Monday, May 2, 2016

Reading Boxplot used to deal with skewed Data

Recently I came across some data that were gathered from human patient samples.  At first glance, it was really difficult for me to understand how to interpret the data, and why the data was generated this way but not the other way around, for example, t-test or ANOVA (See below the figure).  And it is also confusing to read the black bold line, the whiskers and the dots.  I talked with the scientist who sent me the data and combined with what we've come across during this semester and got a general idea of how to read the data.

When we are dealing with patient expression data, often times they are not normally-distributed, but they are "skewed" as shown by the example below.  The mean of the data is at zero represented by u.  However, as it is "skewed", the u (dotted middle line) is a not as informative as a median( the line).  Also of notes, when there are a few outliers in the data collected, they couldn't be excluded when statistical analysis is performed.  We don't know for sure if outliers are caused by measuring errors or just a true responses of certain patients.  In this case of not excluding, the inclusion the outliers could change the mean of the samples and makes it quite far from the bulky of the data.  This makes the median preferred to the mean in human patients data.  

So now we know it is totally different from data drawn from the normally distributed population. With that in mind, it would be much easier to understand the Boxplot.  As shown by the following image, the box represent the area of values between first quartile (25%) and third quartile (75%). The line represents the median, which is usually not in the exact middle of the box.  The whiskers represent the minimum and maximum or 1.5IQRs(Interquartile Region).  The asterisks or hollow dots represents the outliers.  

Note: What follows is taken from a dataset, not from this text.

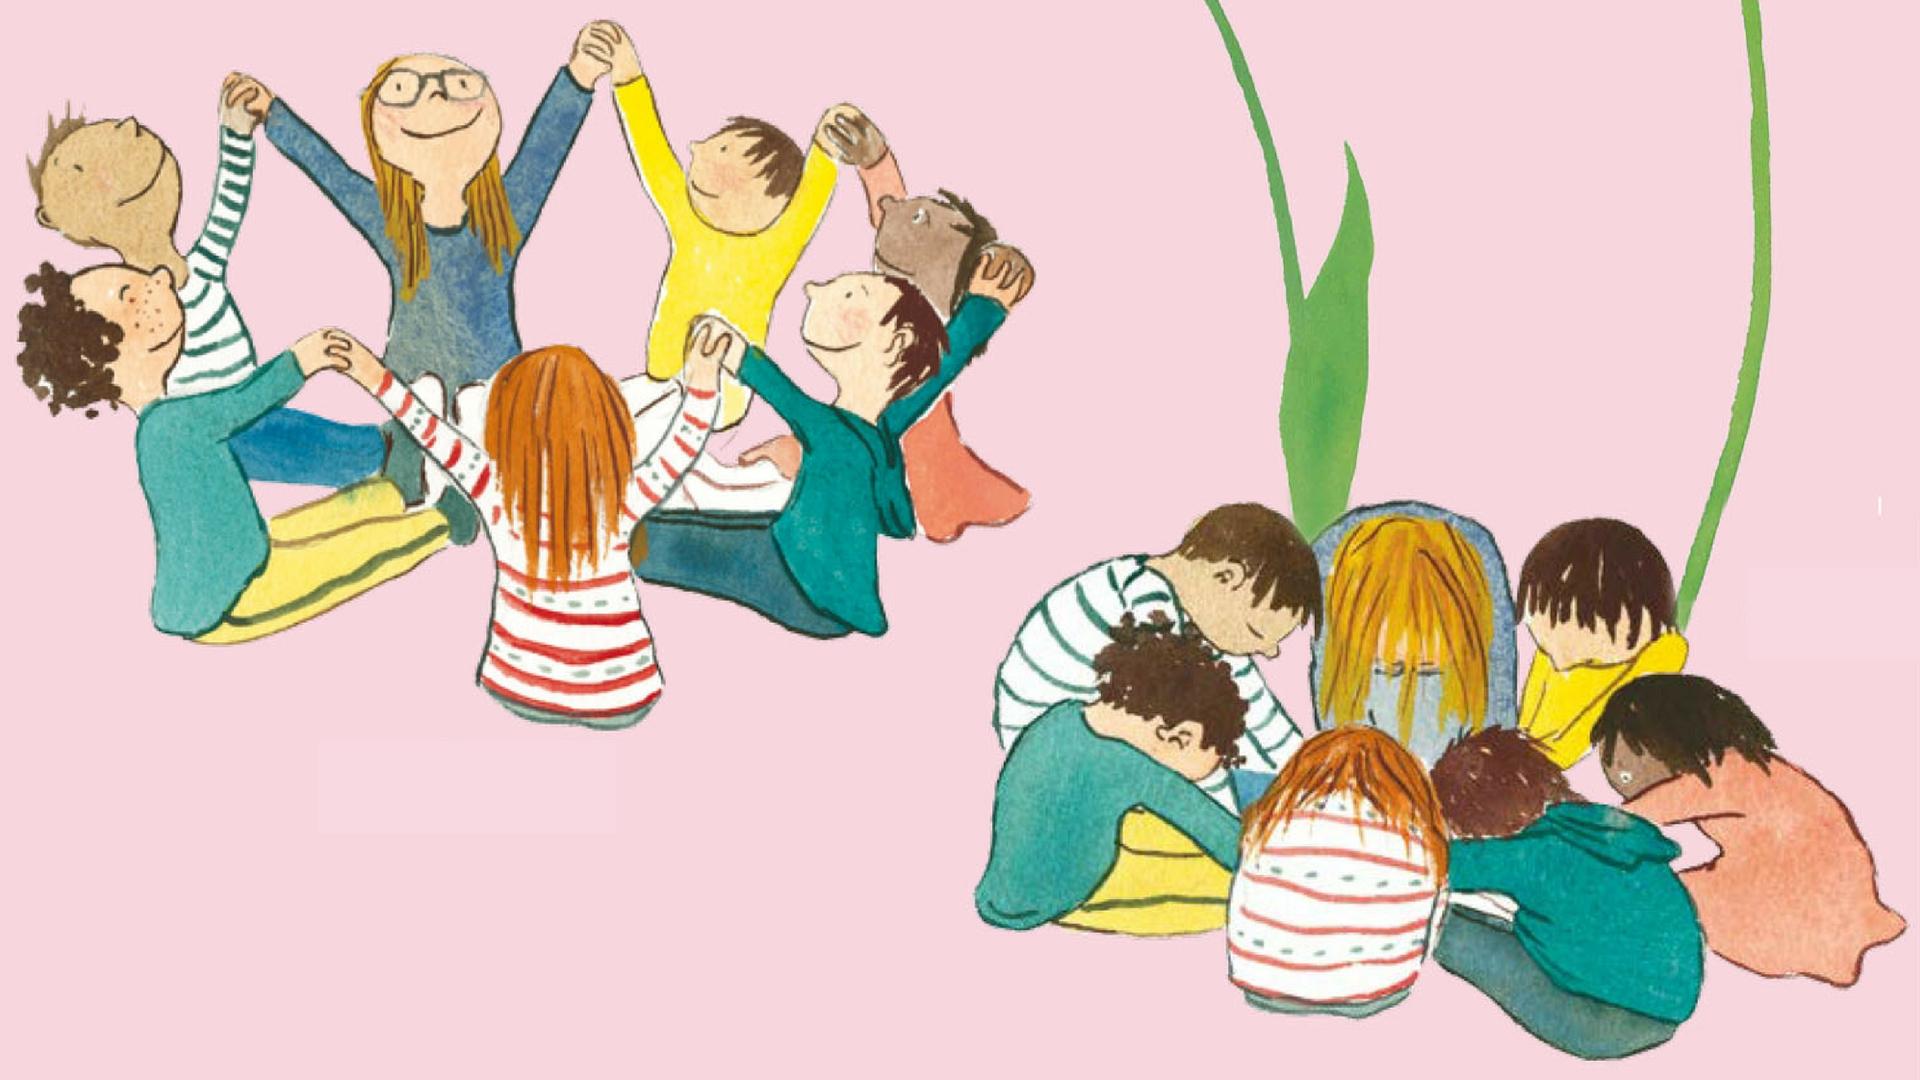 Yoga i undervisningen, hokus pokus filiyoga, lotte saline, yoga for børn, yoga til børn, yoga, børneremser

Now it seems not difficult for me to understand the first figure.  Then how to know if there is a significance when we compare one group to the control?  It's not that robust as compared to t-test or ANOVA.  p-values could be generated using some software.  A very small p-value makes it statistically significant. However, even the p-value is larger than the type I error threshold we set, we couldn't say there is no difference.  

There could be more about boxplot.  For example, in some cases scientists could do the non-parametric tests like Wilcoxon signed rank sum tests if data variation is too large or the parametric tests don't apply to original dataset (the first figure is an example of this).  There is always more in statistical methods and that's why it needs scientists intuitive to perform good stats.   


1 comment:

  1. Box plots used to always confused me as well. Thank you for the detailed breakdown. It's clearly for me to see why one might want to use a boxplot instead of mean when data is very skewed. The inclusion of the median and the visual representation of the concentration of data is helpful with boxplots. One thing - I'm a little confused now at the substantial number of outliers listed above the box plots in the first graph. While I have no information about the graph, and thus don't know sample sizes, it seems to me that a large number of outliers are concentrated in regions far above the other sets of data. This got me thinking about a few questions. How many outliers is appropriate to have on a graph? At what point does a group of outliers constitute its own separate, valid cluster of responses? Is there a limit to the number of outliers one can include in data representation, or can the number be (theoretically) infinite?